待那三人躬身齐齐跪退,前脚刚一出门,宋依依便一刻未等,缓缓地跪了下去......
傅湛端樽,节骨分明的手指刚触碰到酒樽便见屋中远处那小姑娘跪了下去。
她战战的小眼神儿朝他这边望着,不难看出在控制,但没大控制住,双肩轻颤,人显然是慌张害怕的,也很分明是要说话,然唇瓣嗫喏,并未立时说出来。

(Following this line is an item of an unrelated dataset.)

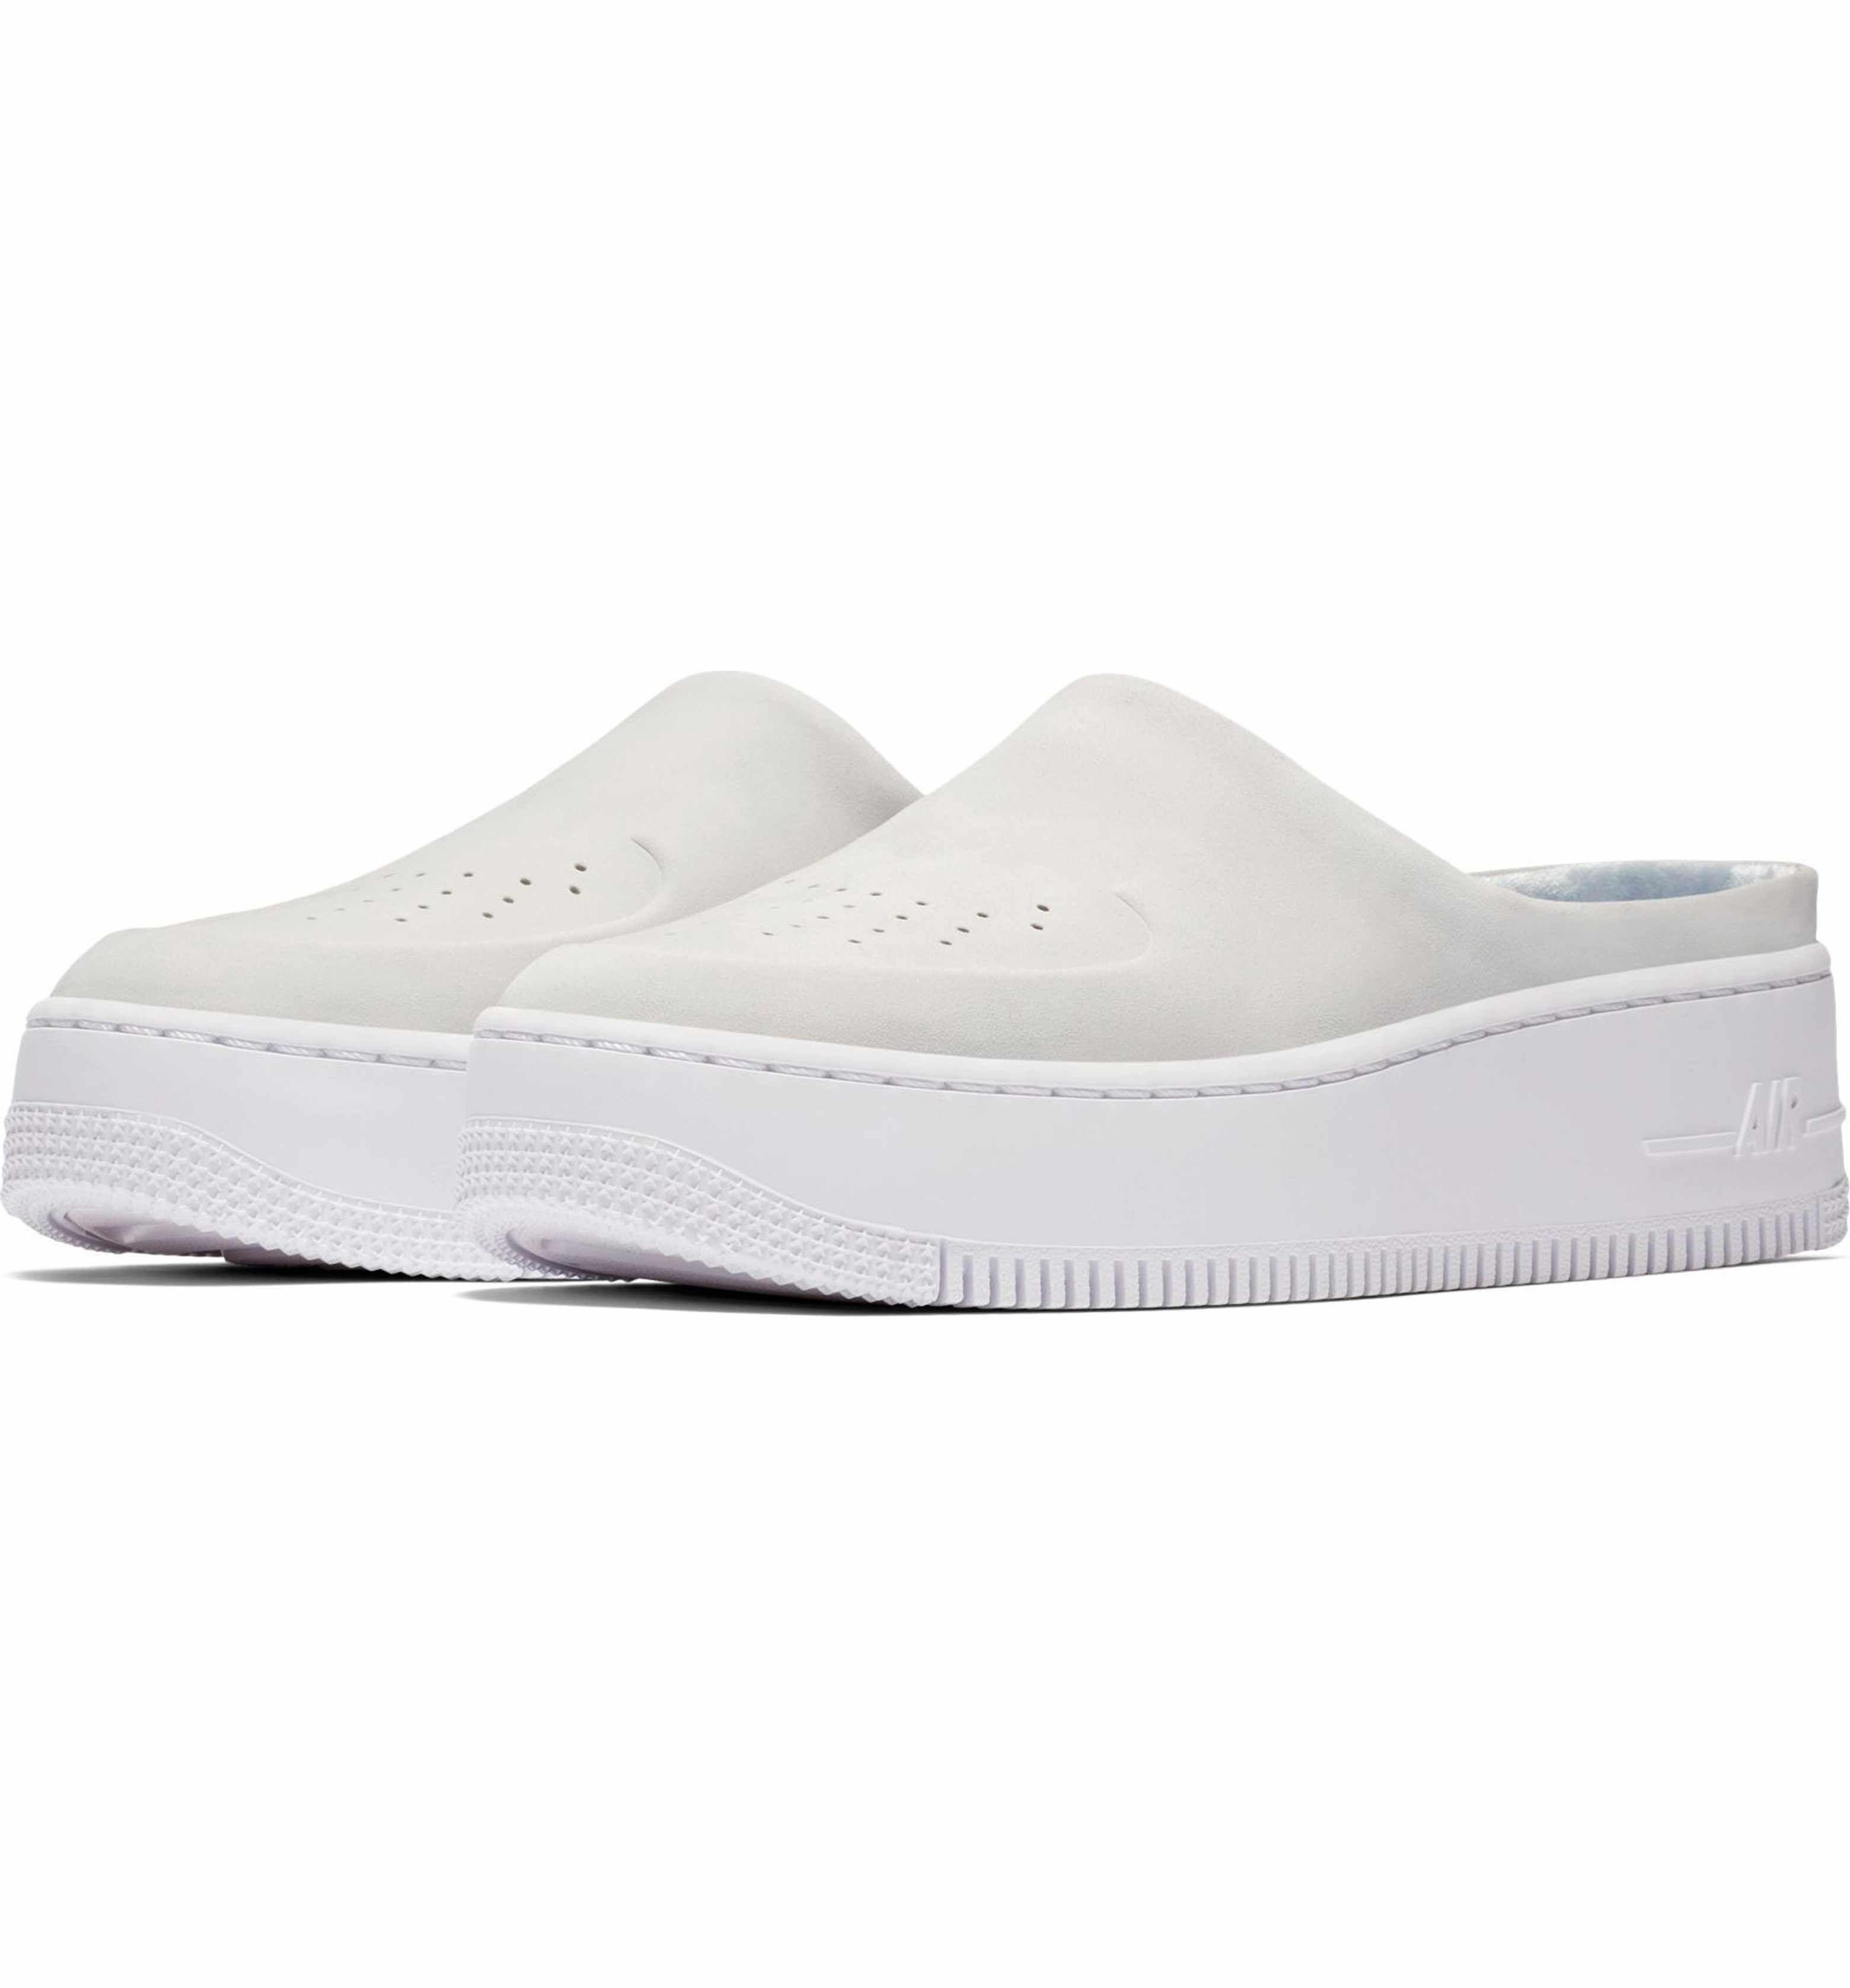 f97830414a9 Main Image - Nike Air Force 1 Lover XX Slip-On Mule Sneaker (Women ...

男人的手滞了下,目光幽深,长睫微动,旋即未再接着触樽,手缓缓落下,显然是有些意外,淡声开口,问道:“何事?”
这般直接下跪,任谁都能看出是有事相求。
没待宋依依张嘴,他后边还有一句。
“起来说话。”
宋依依没起,一面腿有些发软,怕极了失态,另一面更急着说事。
天知道他会不会说走就走。
宋依依想了一上午了,适才等待的过程中亦是没少在心中思忖此番相求的话语要如何开口。
但便是想了千遍万遍,真正之时,就她这小胆子也是不成的,需要稳一稳,可又深知时间紧迫,最后也便硬着头皮,慢慢地说了下去。
她开门见山,并不打算耍花招。
这男人怕是快大上她十岁了,久居上位,天下都在他的手心儿之中,她一个刚及笄的小姑娘,又是有求于人,巴结奉承还来不及,和他耍什么花招?
显然,光明坦诚是最为简单直接的。
是以,宋依依没半分迂回,直接便是糯声求道:“大人能为蝶儿赎身么?”
话音明显是有些颤的,但她的声音特别嗲气,软绵绵的酥人筋骨,不是一般的娇。倒也无心,声线使然,只是配上她那张略显稚气,又娇艳妩媚的脸,及着一双清纯中透着明晃晃的不安分,看起来勾勾搭搭,不甚正经的小眼神儿,明明是有些紧迫的气氛,却是硬生生被她弄得变了那么几分味道......
傅湛好似是料到了她之言,又好似是未曾料到。
小姑娘语毕,他一言没发,但慢慢靠到了椅背上,是要听下去之意。
宋依依一见,心下略安,知道来了希望,但也更忐忑,怕极了自己把握不住机会,抬着眸子,眼巴巴地望着他,一层水雾缓缓浮现在秋眸之中,人浅浅的“哼唧”两声,到底是哭了出来。
不是装的,感情真切的不能再真切了。
小姑娘脸色绯红,身子略微往前动了动,带着几分难以控制的哭腔,把话说了下去。
“大人救救蝶儿成么?蝶儿想离开这烟柳之地......”
话到此其实也便够了。
但宋依依觉得自己有必要对他和盘托出,说明自己的身世,更坦诚,也更真诚一些,于是并未等那男人回话便接着坦言。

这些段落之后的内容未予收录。